Indian pharmaceutical companies are at the cusp of a multi-year growth opportunity on account of increasing generic penetration across the world to contain government medical spends. In US, 30% of the world market, generics account for 70% of the drugs sold by volume and India supplies 25-30% of generic in the country on the back of superior R&D and manufacturing capabilities of Indian players. Many Indian companies have built near USD 1 bln sales franchise on the back of such an opportunity and are expected to compound at 15-20% CAGR for the next 3 years. Fund allocated  approx. 17% of its corpus in pharma sector.

 

Last year we saw lot of activities in road and affordable housing; fund played the theme by investing in cement companies.  Fund also kept an eye on all the primary issuances and participated in the fund raising of a fragrance company who has a moat in their business.  Besides the fund has been well exposed to few names who would benefit because of industrial recovery. These will participate in the market upside.

 

Top Stock Contributors

BOSCH LTD

SUN PHARMACEUTICAL

AUROBINDO PHARMA

APOLLO TYRES

GLENMARK PHARM

EICHER MOTORS LTD

 

 

Top Sector Contributors

PHARMA

AUTO & AUTO ANCILIARY

 

A favourable bet for next 2 to 3 year period

 

Fund's strategy remains true to label, just as it was at the time of original portfolio construction. Fund manager focus remains on capturing the expected upside from the resurgence in specific sectors of high priority for the government as well as companies that have robust fundamentals.

 

Fund portfolio has largely been Large Cap biased with over 65% of exposure towards large cap companies since inception. Over past few months, fund has slightly been increasing exposure to quality midcap companies as the valuations are gradually starting to reflect some earnings growth.

 

Latest manufacturing sector indicator PMI data too suggests a positive uptick for the manufacturing sector. The Nikkei Manufacturing PMI index jumped to a four-month high of 51.1 in January 2016 after slumping to a 28-month low of 49.1 in December 2015. The 50-mark demarcates contraction from expansion.
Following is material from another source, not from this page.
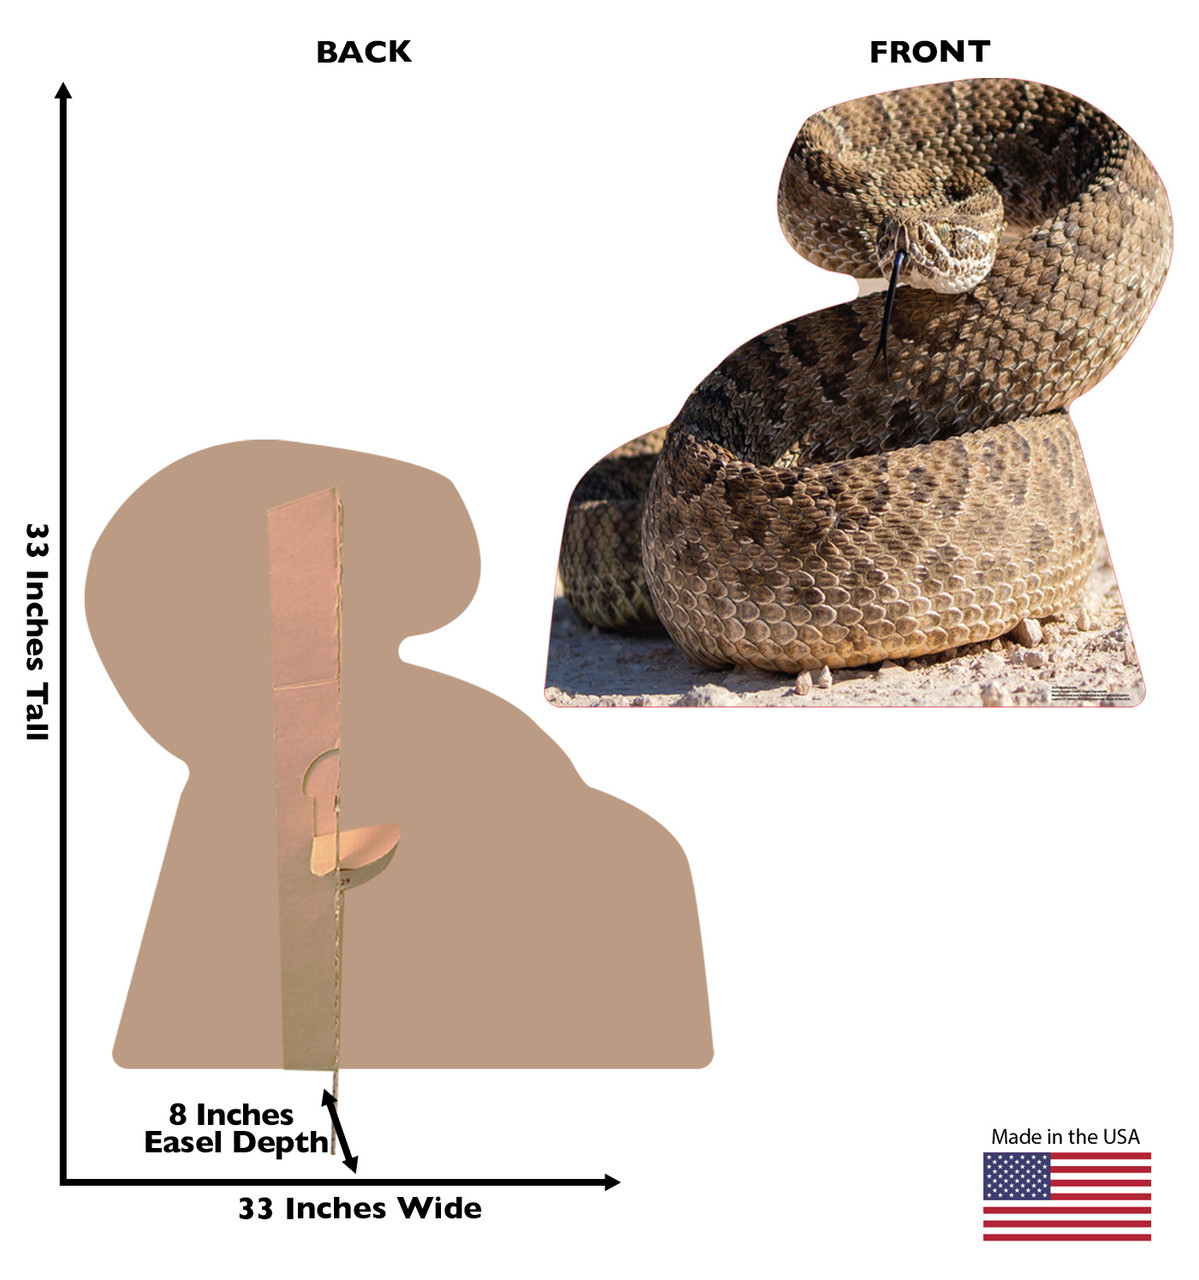 Life-size cardboard standee of a Rattlesnake with back and front dimensions.
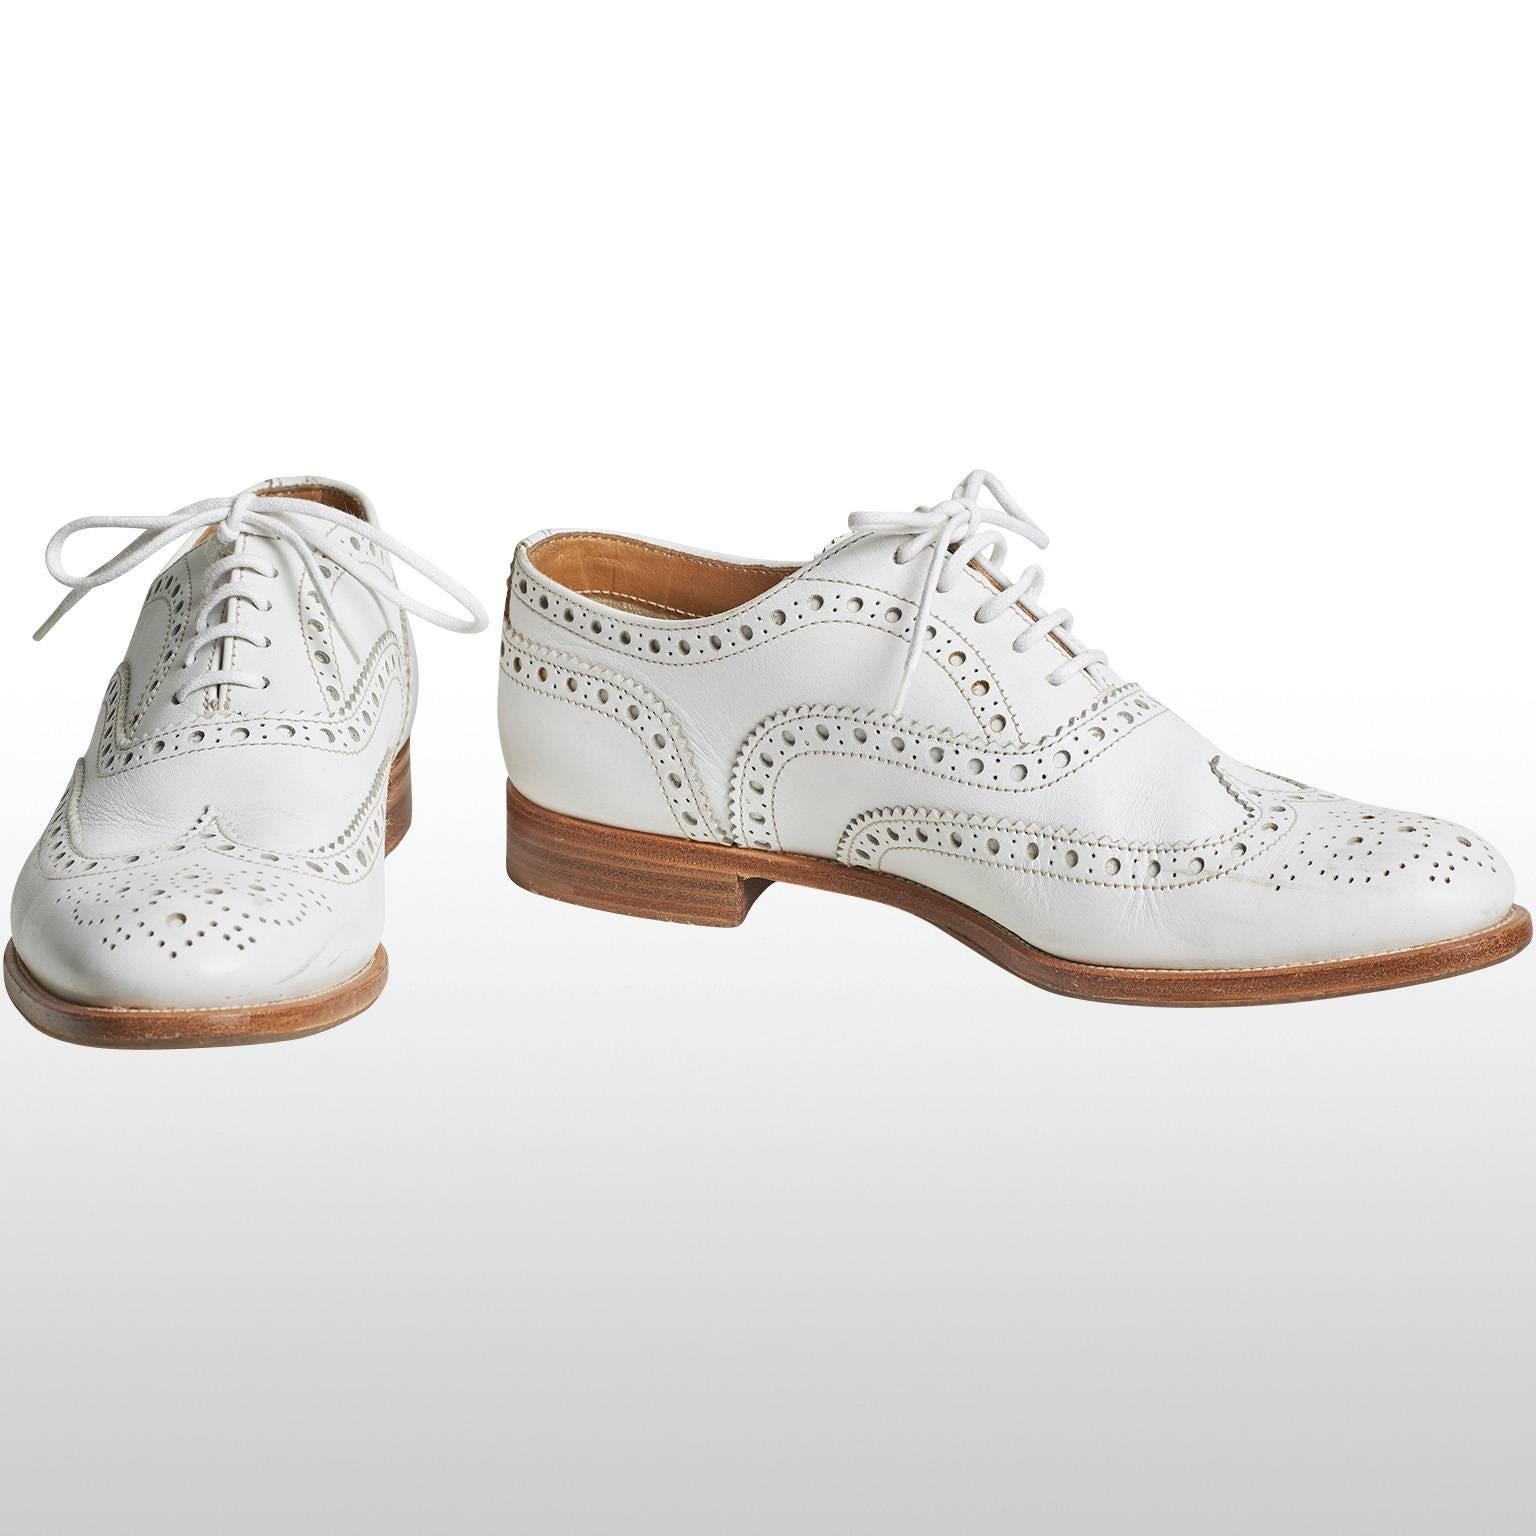 These are white brogues shoes from the brand Church, which is a high quality footwear brand. Remain in excellent condition.

The new export orders sub-index too rose to 52.5 from 51.5, the highest reading in five months. Also FY16 data suggests; India's GDP is projected to grow at 7.6% compared with 7.2% last year, higher growth also hints at increased economic activity, which to quite an extant would give the much required push to manufacturing sector.

 

Finally estimates data too suggest an uptick in earnings number in coming months. While currently markets seem to have consolidated, gradual recovery is already underway in India (green shoots key data points) leading to a rerating in markets that will gradually eventually reward investors for investing when others seem to be scared. Thus we continue remaining confident in India's manufacturing sector's growth story and suggest to take a 2 to 3 year bet on this fund.

 

At the time of NFO too, we had recommended that this strategy be looked at from a 18-24 month perspective. At half way mark, we feel that the fund is already showing decent outperformance and as the growth becomes strong, it could perhaps be a theme for the next 3 – 5 years.